# Anyone ever done Cracked Mirror top on a guitar?



## ozzman619 (Dec 11, 2012)

I'm thinking taking a Dean ML and putting a cracked mirror top on it, but honestly i have no clue even where to start or how i'm even going to go about doing it. Has anyone ever done this before or have any ideas on how it could be done?


----------



## MetalDaze (Dec 11, 2012)

According to this, it's not as mysterious as it seems. 

How to Make a Cracked Mirror Guitar | eHow.com


----------



## ozzman619 (Dec 11, 2012)

MetalDaze said:


> According to this, it's not as mysterious as it seems.
> 
> How to Make a Cracked Mirror Guitar | eHow.com



Definitely some good advice there but following that would just give me a cracked mirror onto of the guitar, i was kinda thinking of somehow routing out the top layer but keeping the binding so it'll be around the mirror.


----------



## ElRay (Dec 11, 2012)

MetalDaze said:


> How to Make a Cracked Mirror Guitar | eHow.com




I would *NOT* use a router to cut glass. Get one of those rolling-wheel glass cutters, cut-out a V-shaped piece that barely touches the outline, then cut 2-3" wide arcs off by cutting along the outline of the guitar and then cutting out to the edge of the mirror.

Ray


----------



## Stompmeister (Dec 12, 2012)

ElRay said:


> I would *NOT* use a router to cut glass. Get one of those rolling-wheel glass cutters, cut-out a V-shaped piece that barely touches the outline, then cut 2-3" wide arcs off by cutting along the outline of the guitar and then cutting out to the edge of the mirror.
> 
> Ray



If you had read the full article, it said to use the router to cut the template, and glass cutters to cut the mirror 

EDIT: I correct myself, they did say to use the router on the mirror. Thats just silly.


----------



## dtdb (Dec 12, 2012)

I believe I read an article with Hugh Manson saying that he just took an acrylic mirror, jumped on it to crack it, then glued it onto the guitar top. No point in making something more complicated than it has to be.


----------



## ElRay (Dec 12, 2012)

Stompmeister said:


> EDIT: I correct myself, they did say to use the router on the mirror. Thats just silly.
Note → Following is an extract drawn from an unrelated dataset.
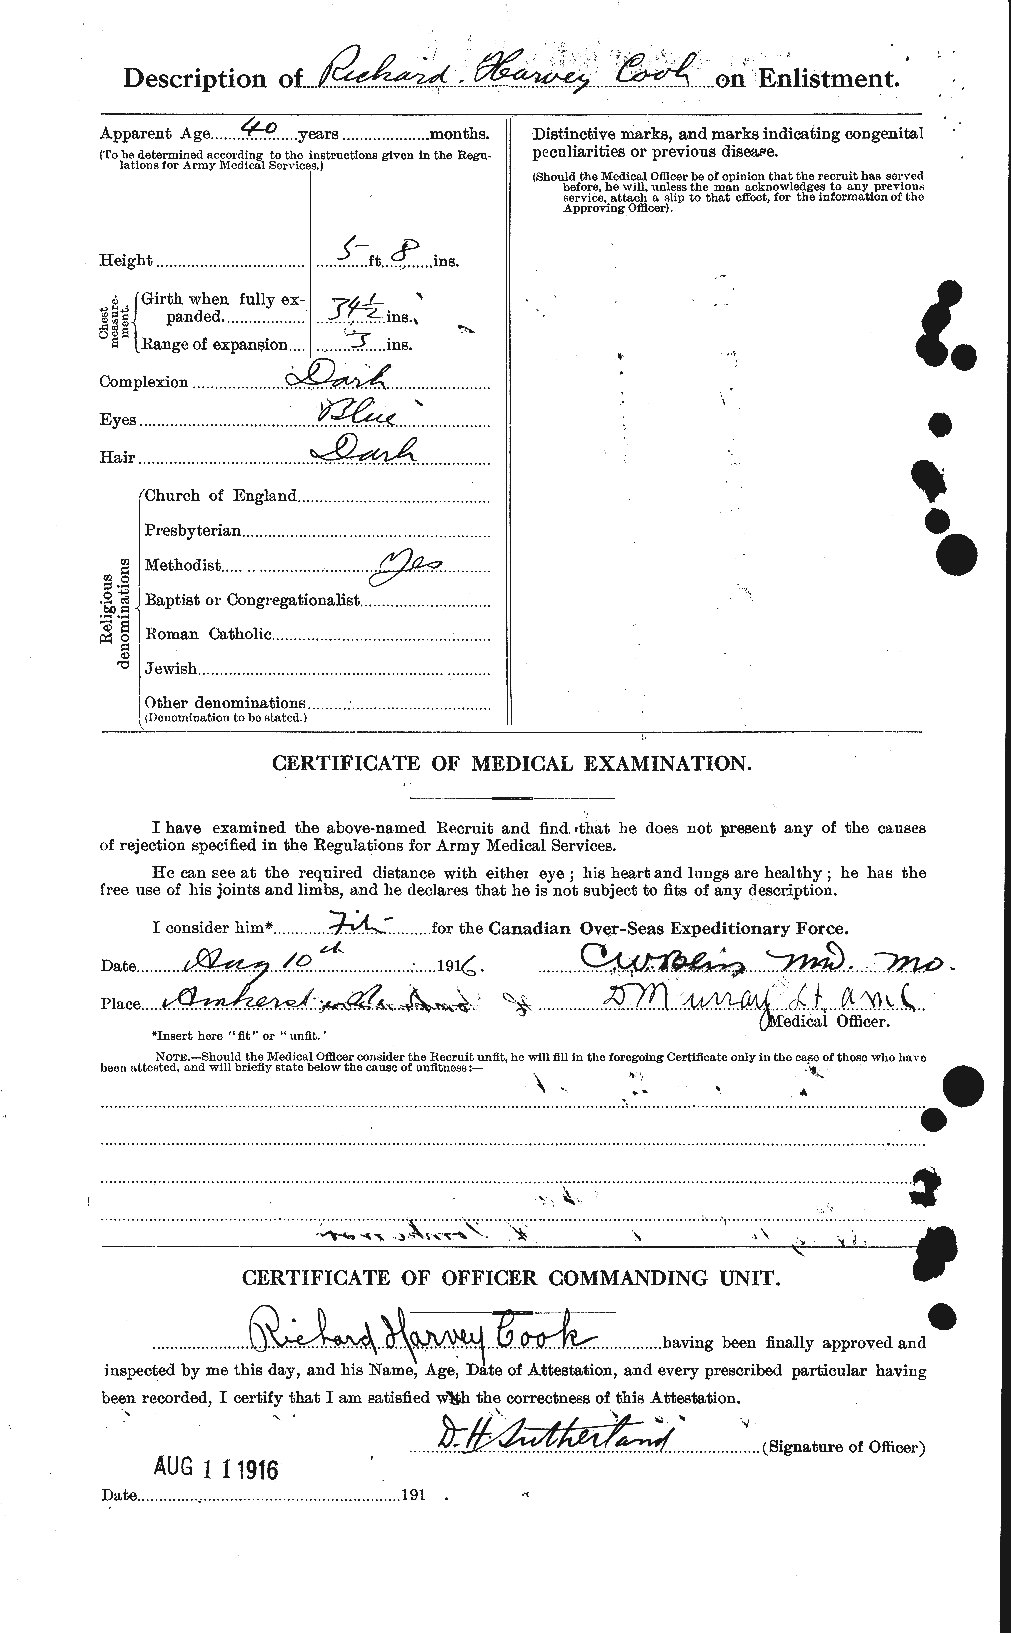 Personnel Records of the First World War - CEF 075180b

... and free-hand to boot :face palm:

Ray


----------



## Kroaton (Dec 13, 2012)

Search the muse.mu forums in the kit&tab section , tons of people there have done this and everything you'd want to know is probably in the Luthiery thread there.


----------



## Itchyman (Dec 15, 2012)

MetalDaze said:


> According to this, it's not as mysterious as it seems.
> 
> How to Make a Cracked Mirror Guitar | eHow.com


In the "More Like This", I got "When to wear a thong"


----------



## Kroaton (Dec 15, 2012)

That's only advisable if you put a mirror in your crack , not the other way arround.


----------



## pondman (Dec 15, 2012)

I've got a Silvertone Paul Stanley Cracked Mirror with a perfect and totally smooth clear finish over the top. I often look at it and wonder how it was done 
It looks as though it must have been dipped.


----------